Now, virtualenvwrapper requires an environment variable to tell it where to store the folders for each virtual environment. This environment variable is called WORKON_HOME. First, I created the folder it will point to:

mkdir ~/Envs

Next, I edited my ~/.bashrc and added the following line:

export WORKON_HOME=~/Envs

All of my virtual environment files (except for the Python intepreters) will be stored in this folder. Finally, I restarted my terminal window so that the environment variable was assigned. You can check this by typing echo $WORKON_HOME in your new terminal window. If it returns the path to your new environments folder, then you should be fine.

Next, I ran the virtualwrapper setup script. Note that I did not need sudo (in fact, sudo could not find a command called ``source'') and that no output is returned when the script is run.

source /usr/local/bin/virtualenvwrapper.sh

Now virtualenvwrapper should be installed, so let's make a virtual environment. We can do this using the mkvirtualenv command, followed by a name for the environment. I will use the name ``venv'' in this example, like Kenneth Reitz did in his guide that I linked above.

mkvirtualenv venv

To start the new virtual environment, type workon venv and note that change in the prompt, indicating which environment you are in. You now have a fresh Python environment to which you can add any library you wish. To leave the environment, type deactivate into your terminal.

One simple test that you can do to see whether your Python environment really is clean is to run the Python interpreter from inside your environment and try importing a module that you know is in your system-wide site packages but not in your virtual environment. For example, inside venv I type python at the terminal prompt and tried importing numpy, which I had not yet installed in venv:

import numpy

This returned an ImportError: No module named numpy. Since I do have numpy installed on my system but not in this environment, it tells me that the environment is likely clean.

To install new libraries, simply use pip or install them to the folder that was created for this environment in ~/Env.
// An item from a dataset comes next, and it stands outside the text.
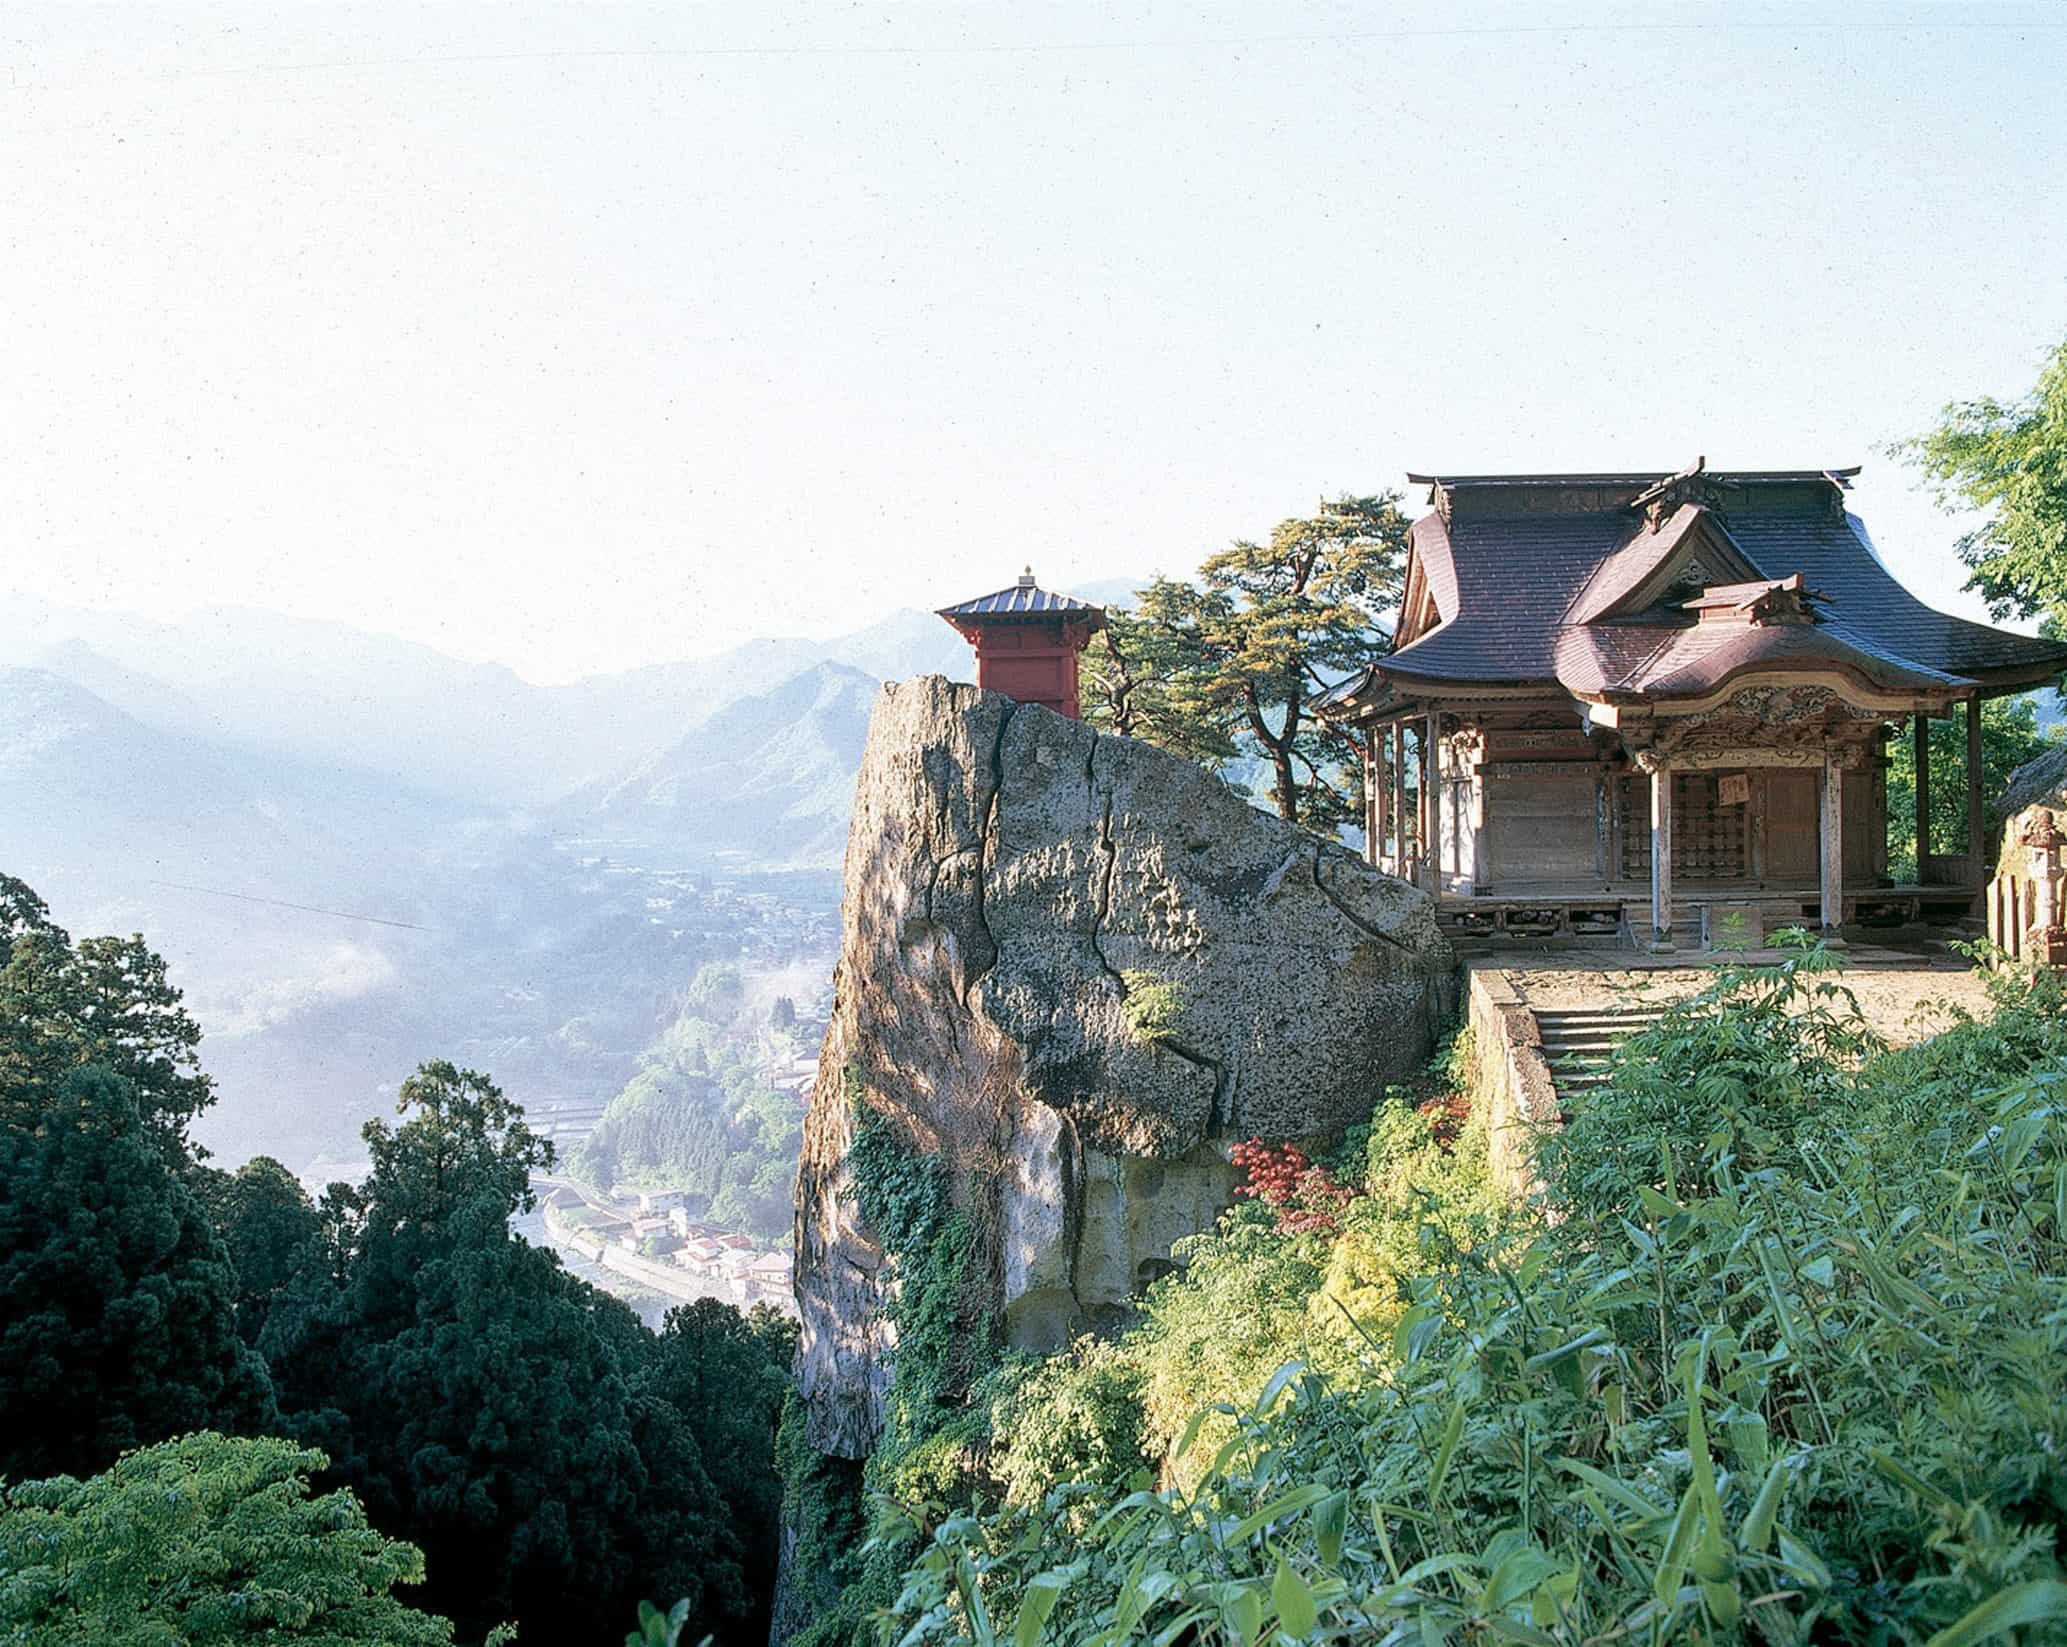 JR East Pass ยามากาตะ ฟุกุชิมะ และมิยากิ กับที่เที่ยวตามเส้นทางของรถไฟ Toreiyu Tsubasa - วัดยามาเดระ (Yamadera Temple) หรือ วัดริชชาคุจิ (Risshakuji Temple)

To delete a virtual environment entirely, use rmvirtual env.

Now, how can I specify that I want the virtual environment to use the python3.4 interpreter in a virtual environment named ``python3-general''? Doing so would solve my original problem. Simply make a new virtual environment like so:

mkvirtualenv -p /usr/bin/python3.4 python3-general

Voilà. C'est tout. I hope this helps you get up and running with this great tool!